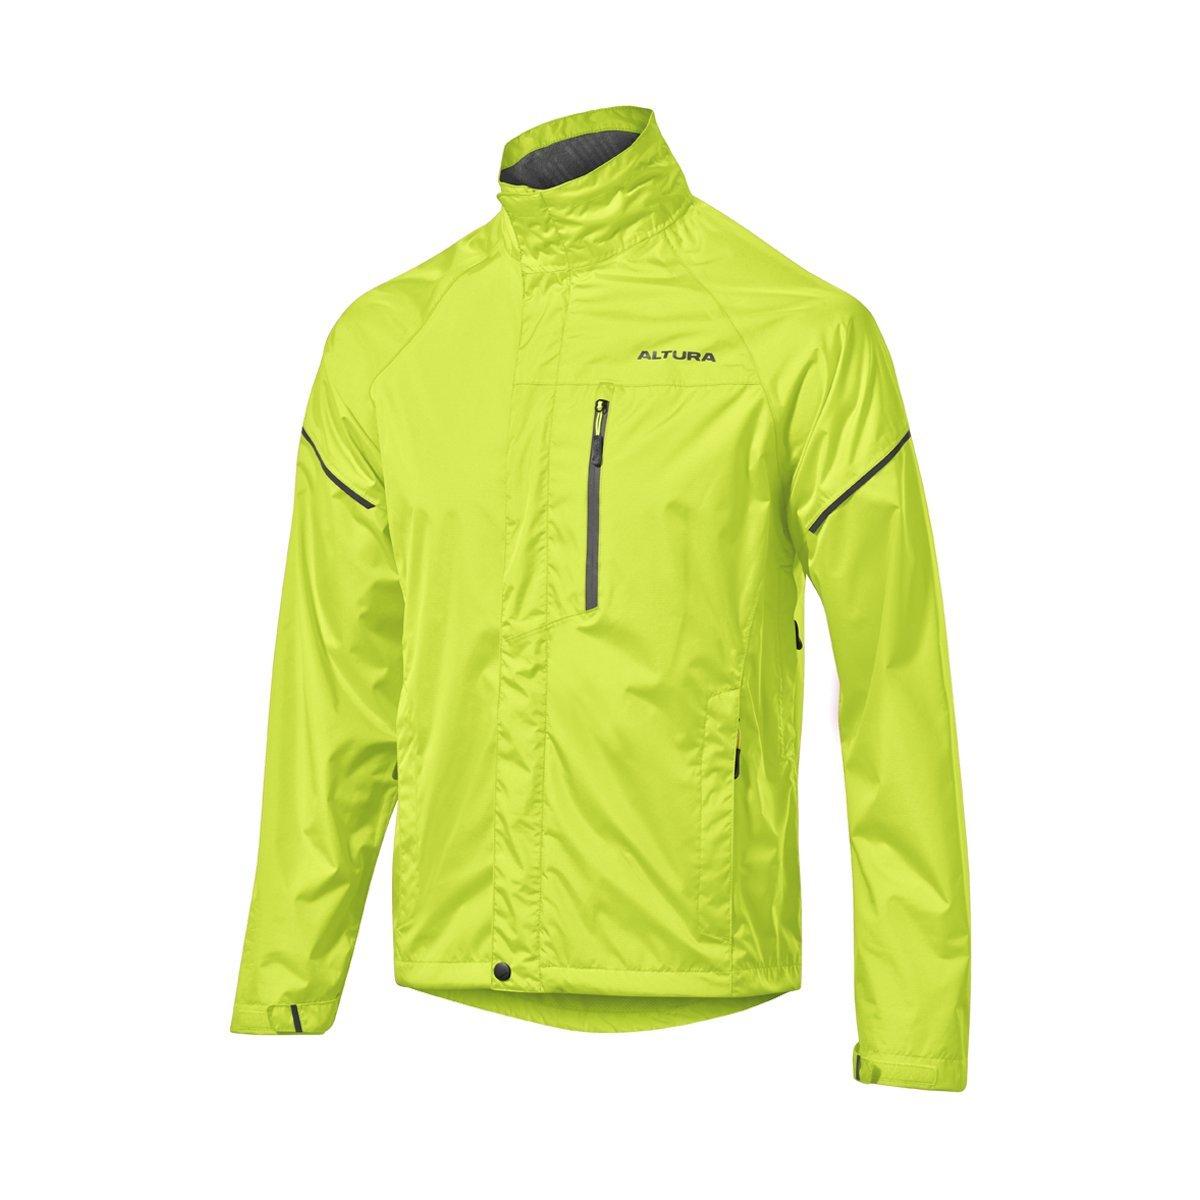 Altura Men s Nevis III (3) Waterproof Jacket  Altura  Amazon.co.uk  Sports    Outdoors e0d497651
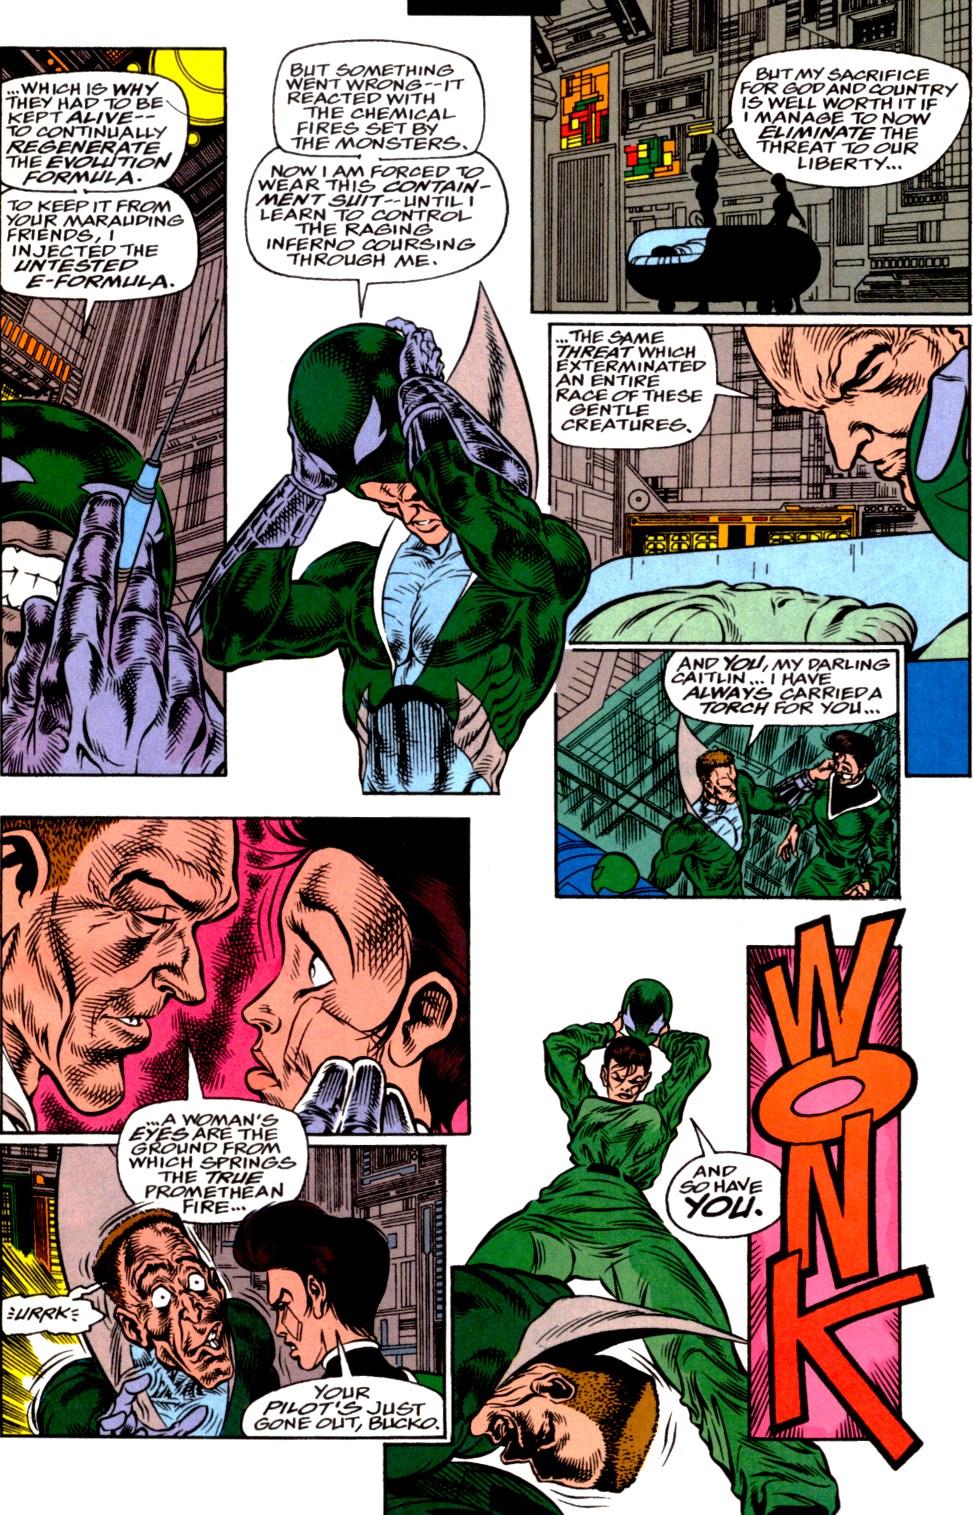 Read online Blackwulf comic -  Issue #4 - 4
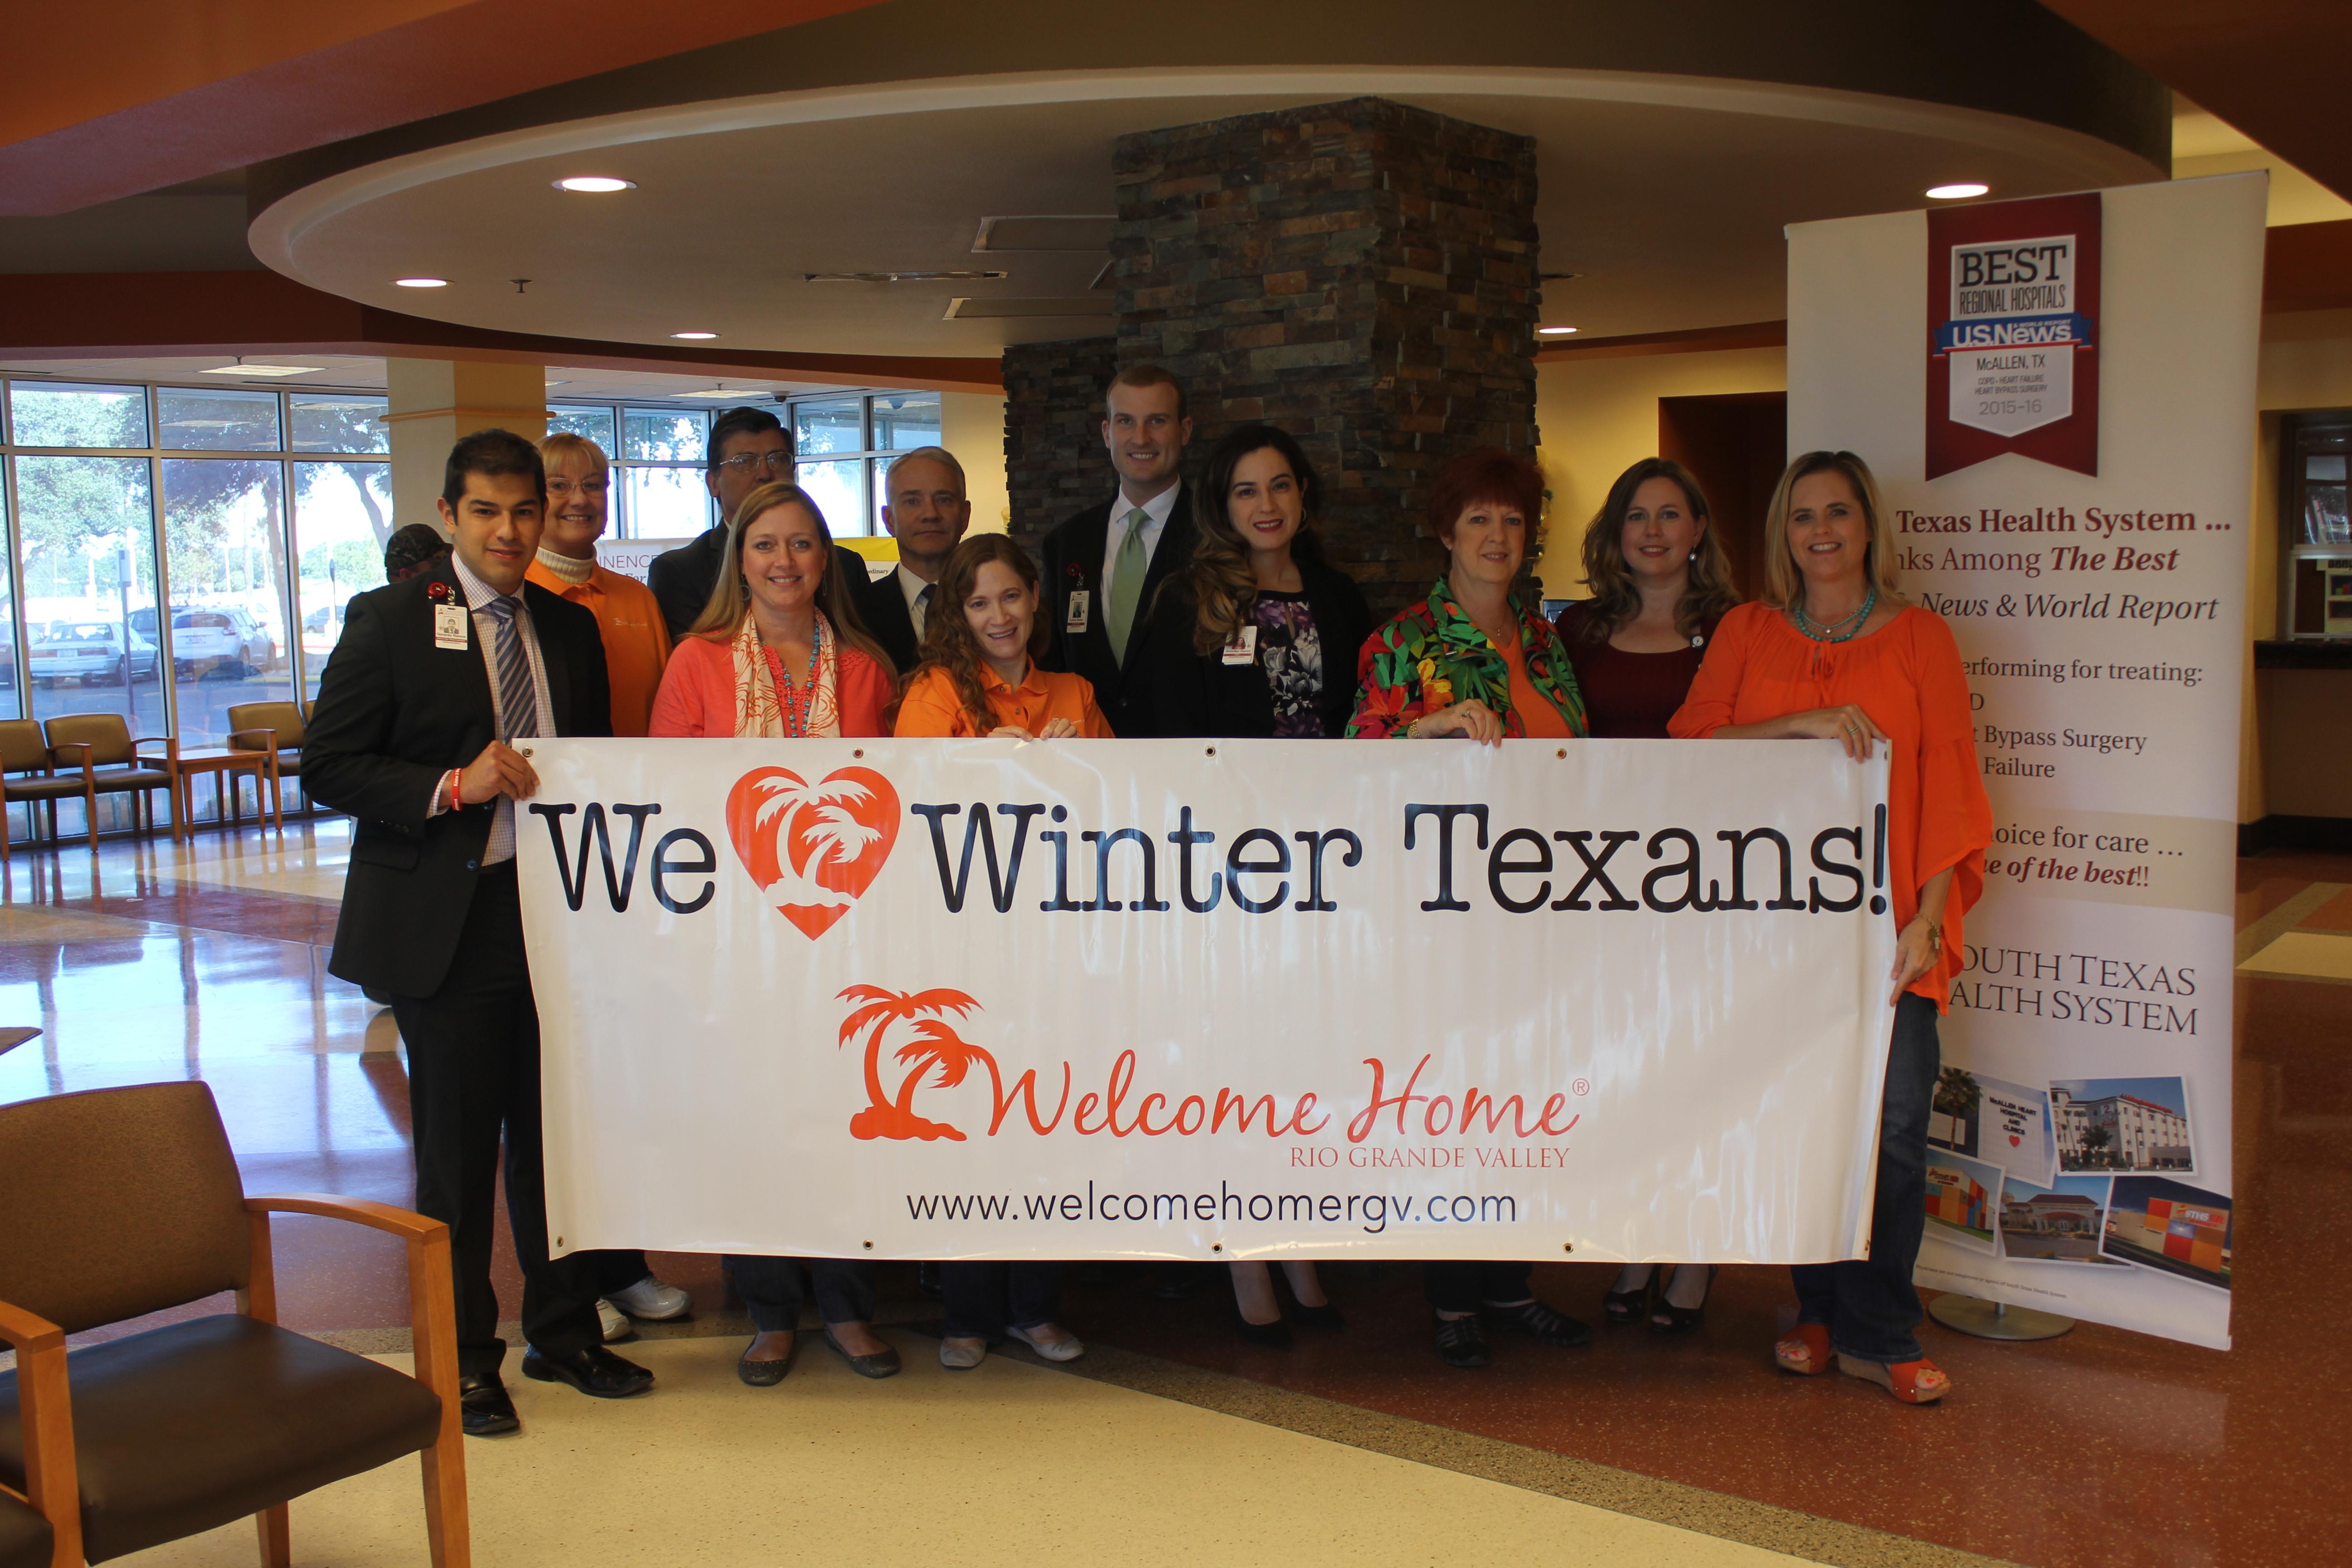 Vendor Space Available For Winter Texan Expo Jan 19 20

Exercise details:
Could you retype the whole listing word for word, minus its pictures?

Reply:
 Altura Men s Nevis III (3) Waterproof Jacket  Altura  Amazon.co.uk  Sports    Outdoors e0d497651
 Read online Blackwulf comic -  Issue #4 - 4
 Vendor Space Available For Winter Texan Expo Jan 19 20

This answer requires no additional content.